The internal dictionary representation is subject to change. User code should not access this dictionary directly. The information provided here is solely for developers who need to work with the existing parsers.

The format of the individual keys is the following (see PSFParser for a reference implementation):

4.1.1.1. atoms

The atoms are represented as a list of Atom instances. The parser needs to initialize the Atom objects with the data read from the topology file.

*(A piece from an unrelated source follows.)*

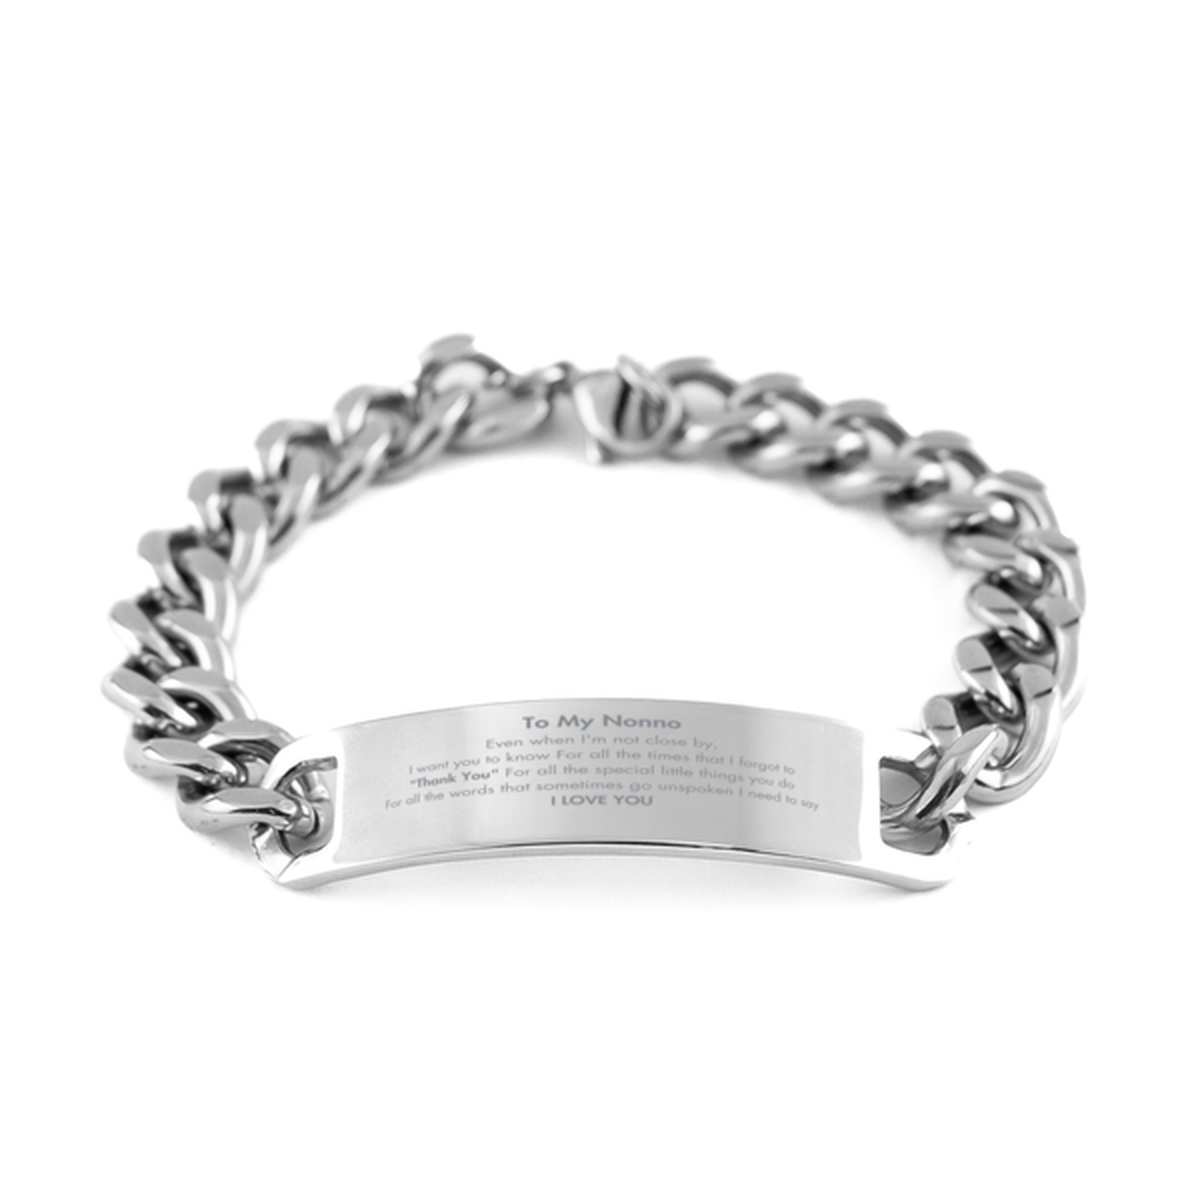 Thank You Gifts for Nonno, Keepsake Cuban Chain Stainless Steel Bracelet Gifts for Nonno Birthday Mother's day Father's Day Nonno For all the words That sometimes go unspoken I need to say I LOVE YOU
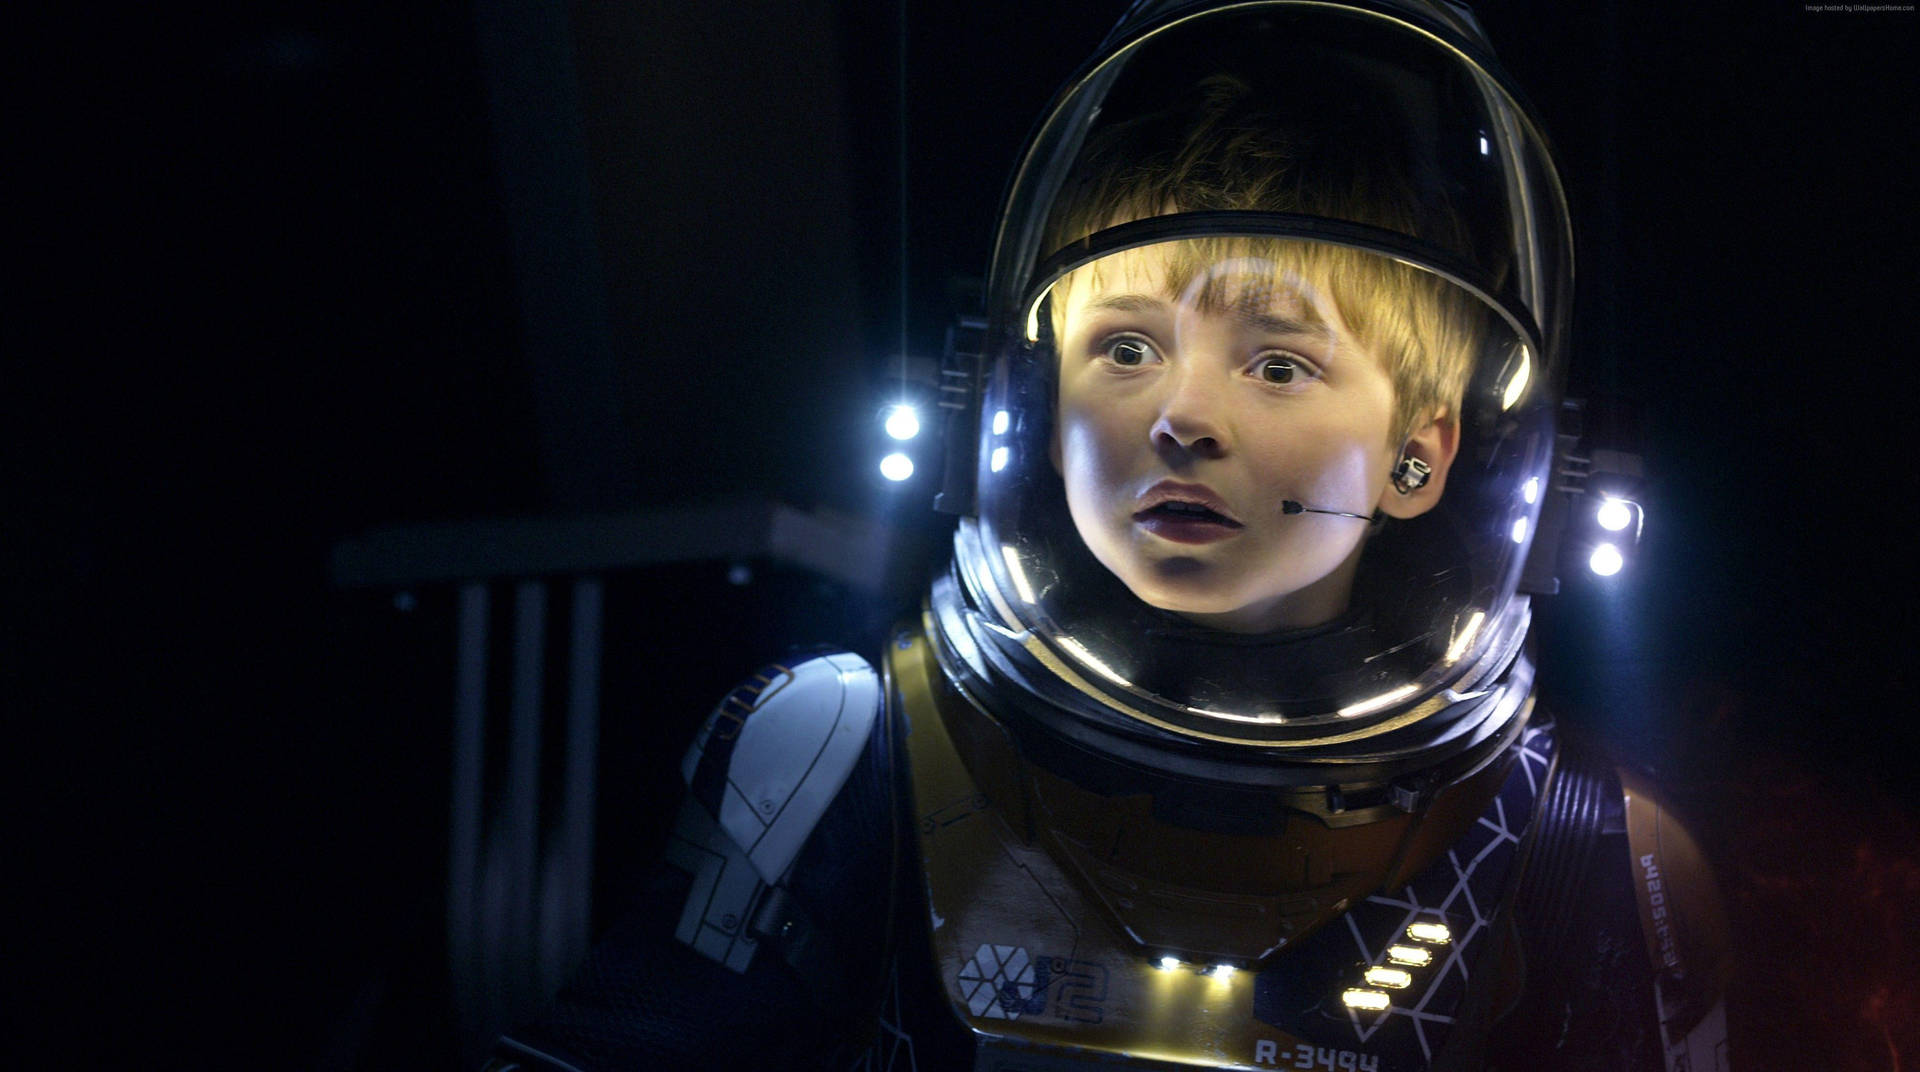 A Young Boy In Lost In Space Wallpaper

The order of atoms in the list must correspond to the sequence of atoms in the topology file. The atom’s index corresponds to its index in this list.

4.1.1.2. bonds

Bonds are represented as a tuple of tuple. Each tuple contains two atom numbers, which indicate the atoms between which the bond is formed. Only one of the two permutations is stored, typically the one with the lower atom number first.

4.1.1.3. bondorder

Some bonds have additional information called order. When available this is stored in a dictionary of format {bondtuple:order}. This extra information is then passed to Bond initialisation in u._init_bonds()

4.1.1.4. angles

Angles are represented by a list of tuple. Each tuple contains three atom numbers. The second of these numbers represents the apex of the angle.

4.1.1.5. dihedrals

Proper dihedral angles are represented by a list of tuple. Each tuple contains four atom numbers. The angle of the torsion is defined by the angle between the planes formed by atoms 1, 2, and 3, and 2, 3, and 4.

4.1.1.6. impropers

Improper dihedral angles are represented by a list of tuple. Each tuple contains four atom numbers. The angle of the improper torsion is again defined by the angle between the planes formed by atoms 1, 2, and 3, and 2, 3, and 4. Improper dihedrals differ from regular dihedrals as the four atoms need not be sequentially bonded, and are instead often all bonded to the second atom.